Find linear models for each set of data. In what year will the two quantities be equal?
Year-1970 1975 1980 1985 1990 1995 2000
men (years) 67.6 69.3 70.4 71.6 72.2 72.8 74.9
women (years) 75.1 76.8 77.5 78.2 78.8 79.2 79.9
Let x be the number of years since 1970. What is the linear model for men?
y=__x+___
To find the linear model for men, we need to find the equation of the line that best fits the data points (x, y), where x is the number of years since 1970 and y is the respective men's life expectancy.

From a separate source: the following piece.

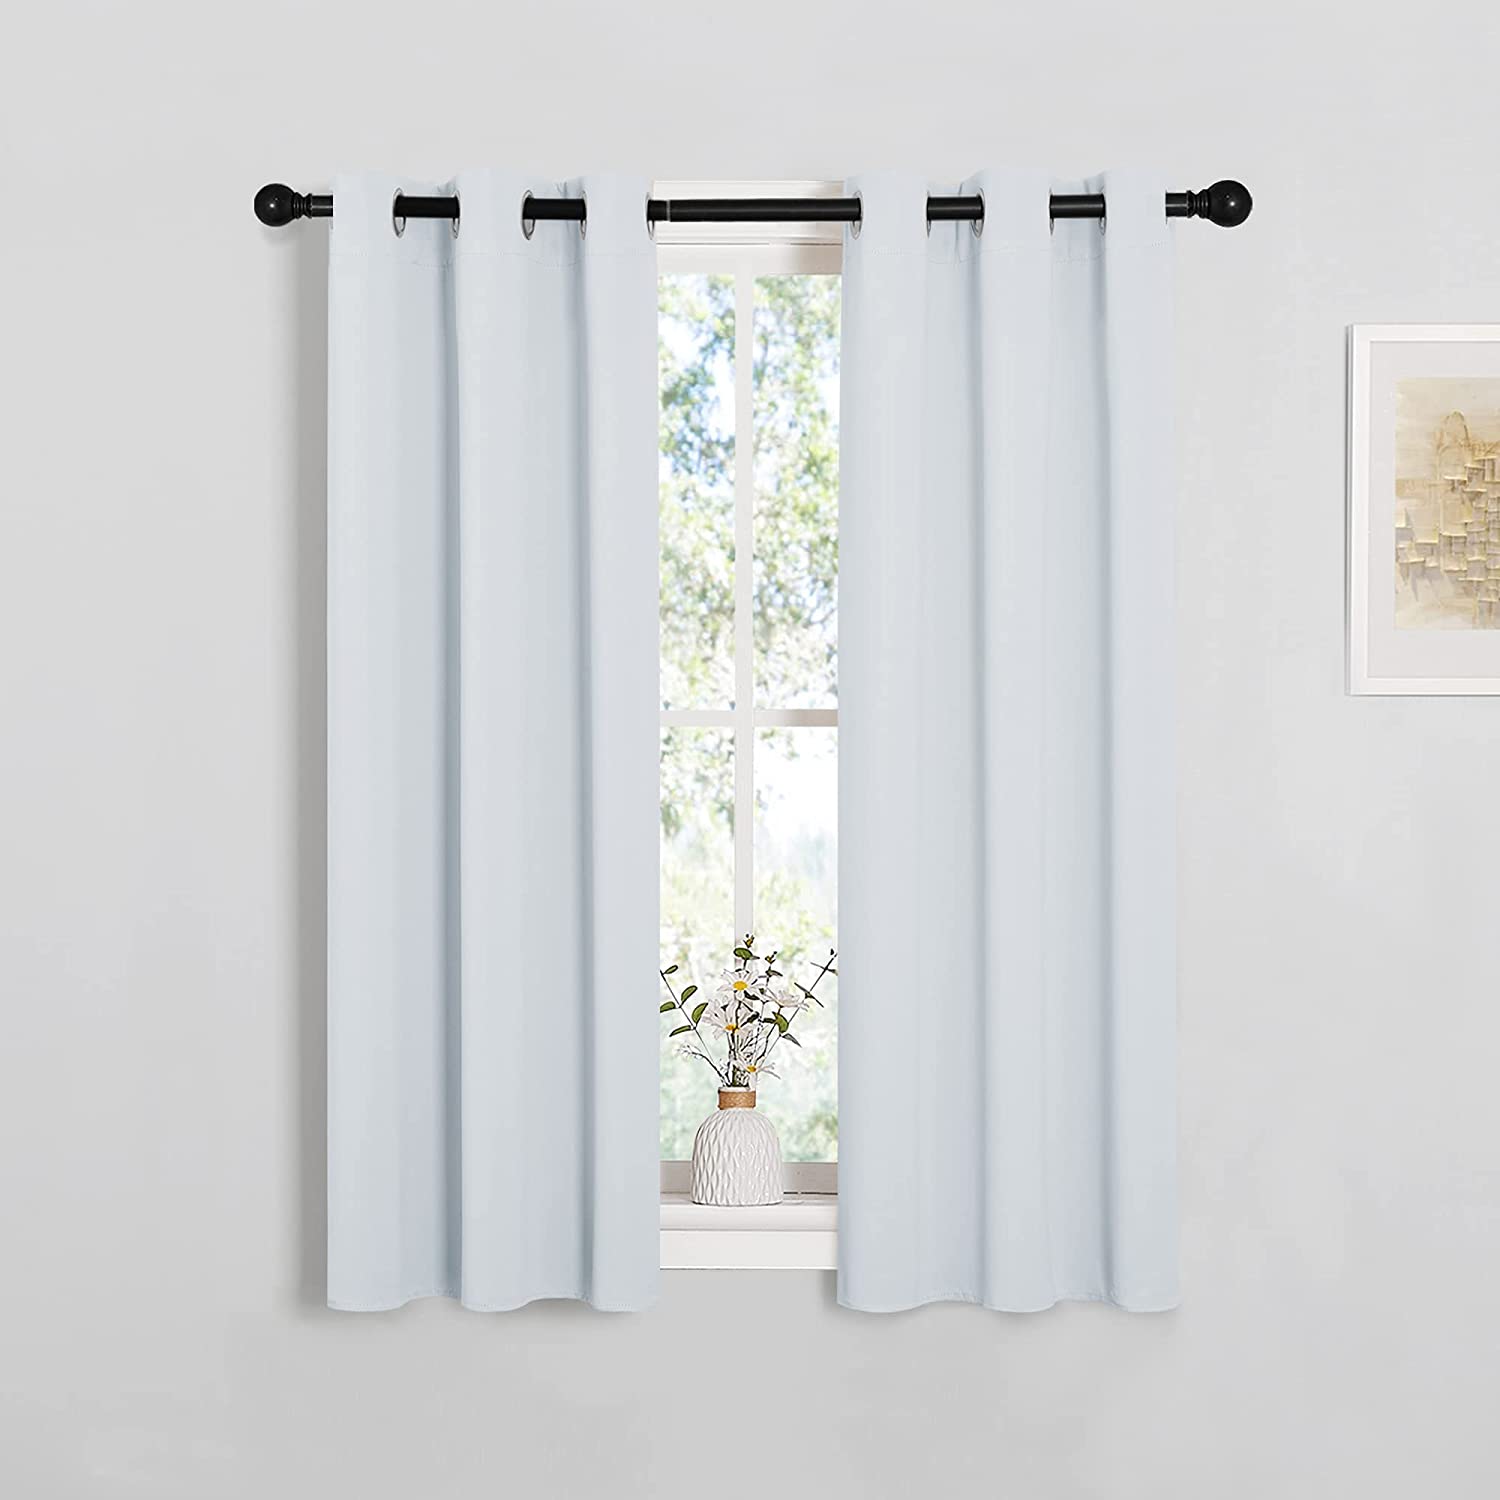 Silver Grommet Blackout Weave Curtains For Living Roomand Bedroom 2 Panels KGORGE Store
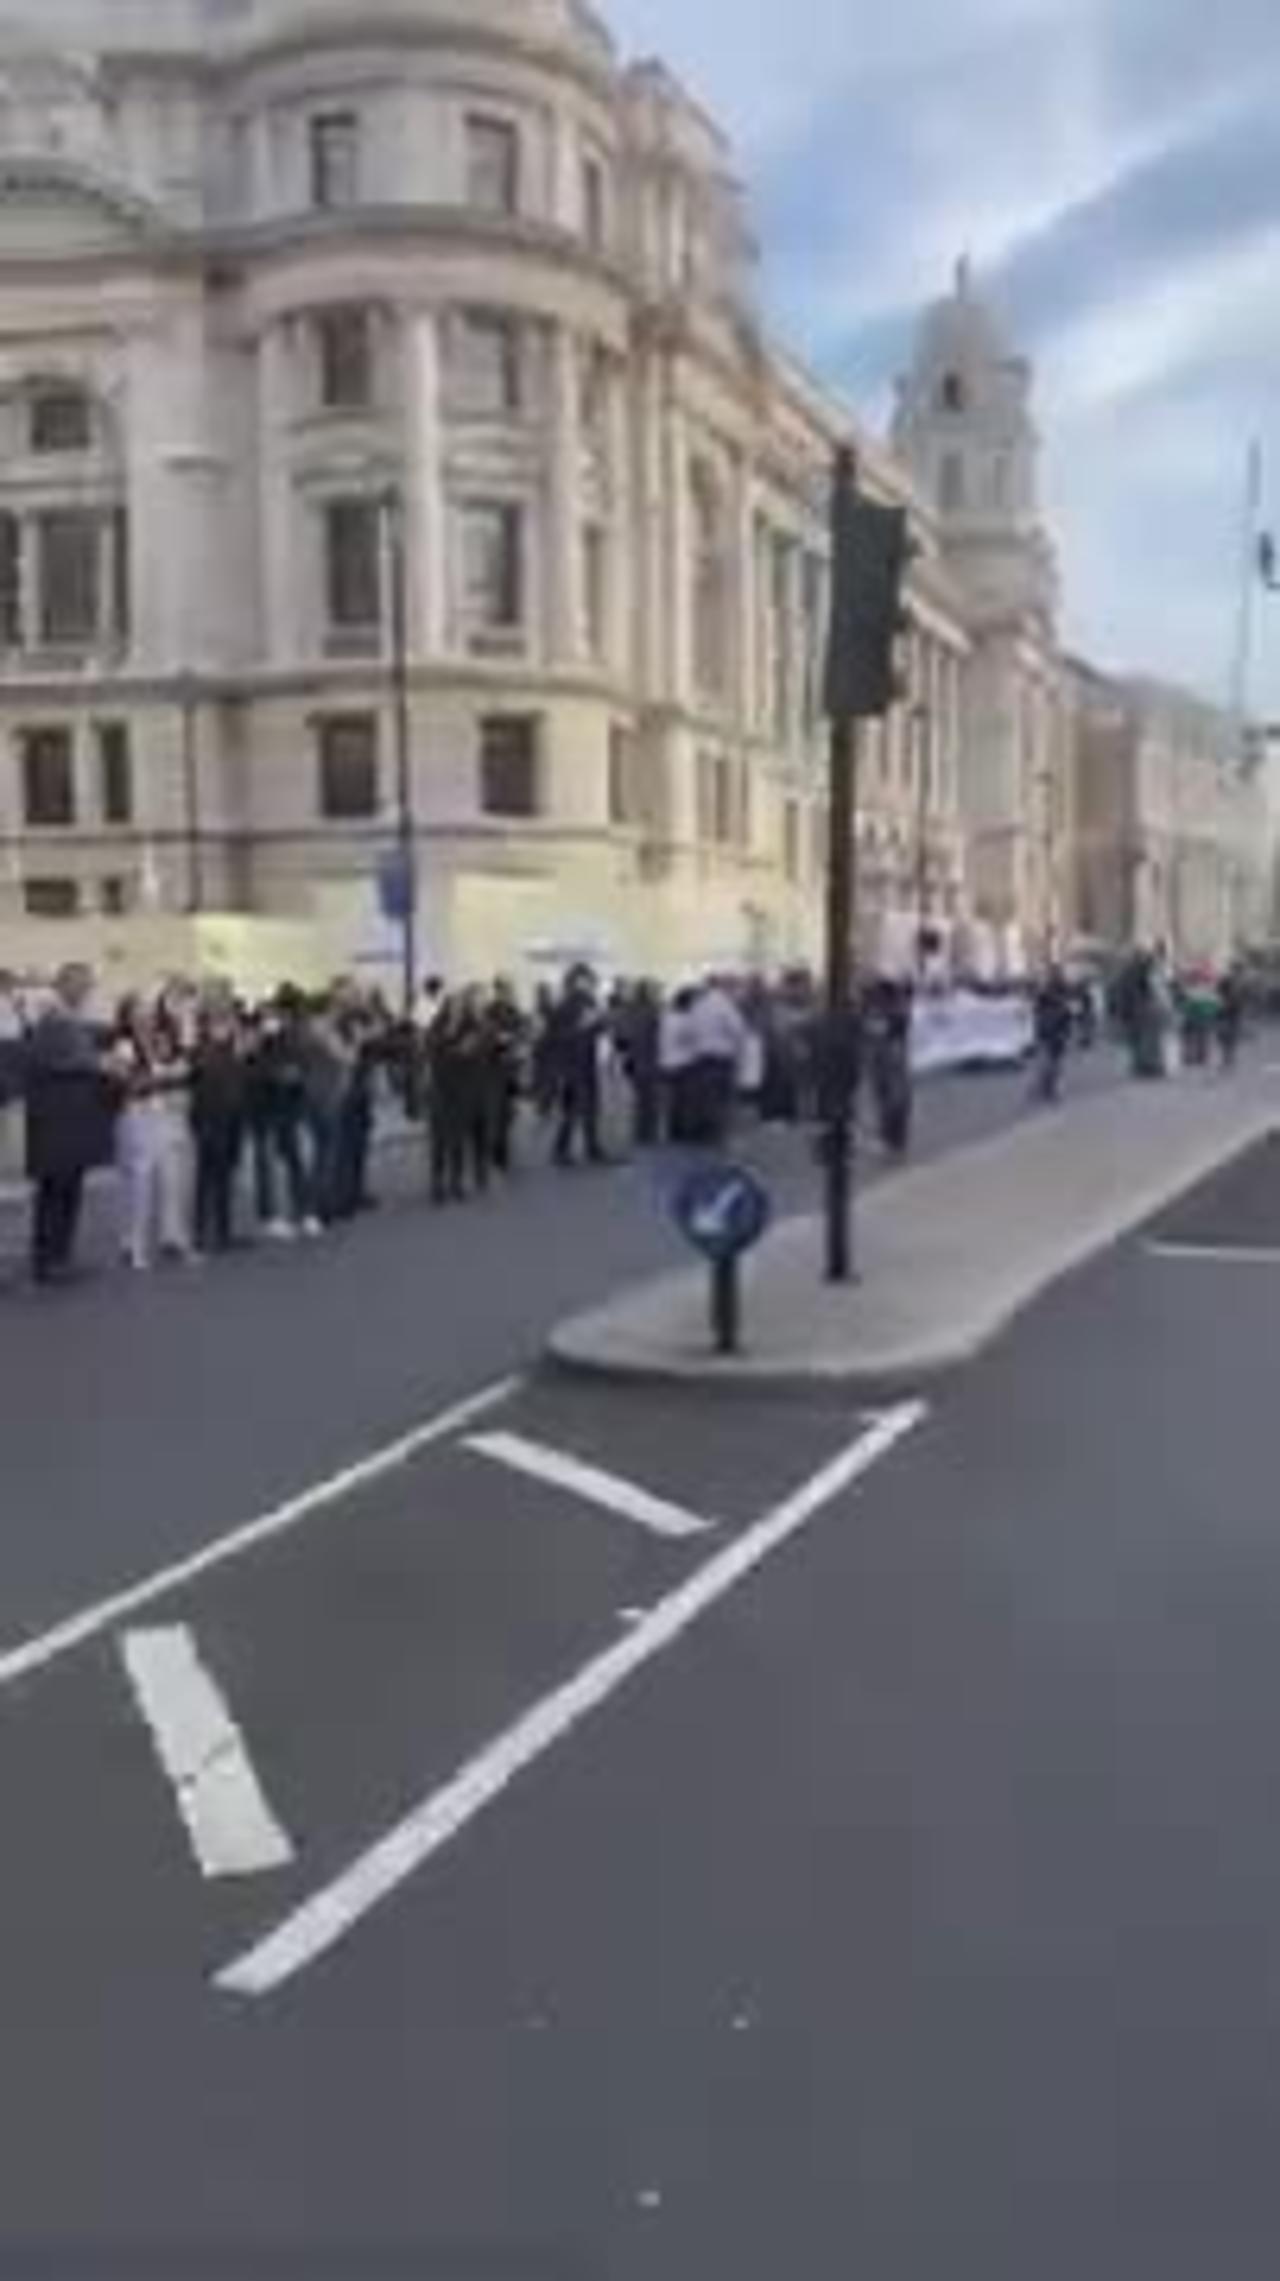 London protesters form human chain in support of women's rights in Iran

First, let's calculate the slope of the line:
Slope (m) = (men's life expectancy in 2000 - men's life expectancy in 1970) / (years in 2000 - years in 1970)
= (74.9 - 67.6) / (2000 - 1970)
= 7.3 / 30
Then, let's choose any point on the line and write the linear equation using the point-slope form:
(x1, y1) = (0, men's life expectancy in 1970) = (0, 67.6)
y - y1 = m(x - x1)
y - 67.6 = (7.3 / 30)(x - 0)
y - 67.6 = (7.3 / 30)x
y = (7.3 / 30)x + 67.6
So, the linear model for men is:
y = (7.3 / 30)x + 67.6
Now, let's find out in what year the men's and women's life expectancies will be equal.
We can set the two equations equal to each other and solve for x:
(7.3 / 30)x + 67.6 = (7.3 / 30)x + b
We can cancel out the (7.3 / 30) on both sides:
b = 67.6
Therefore, the two quantities will be equal in any year since 1970.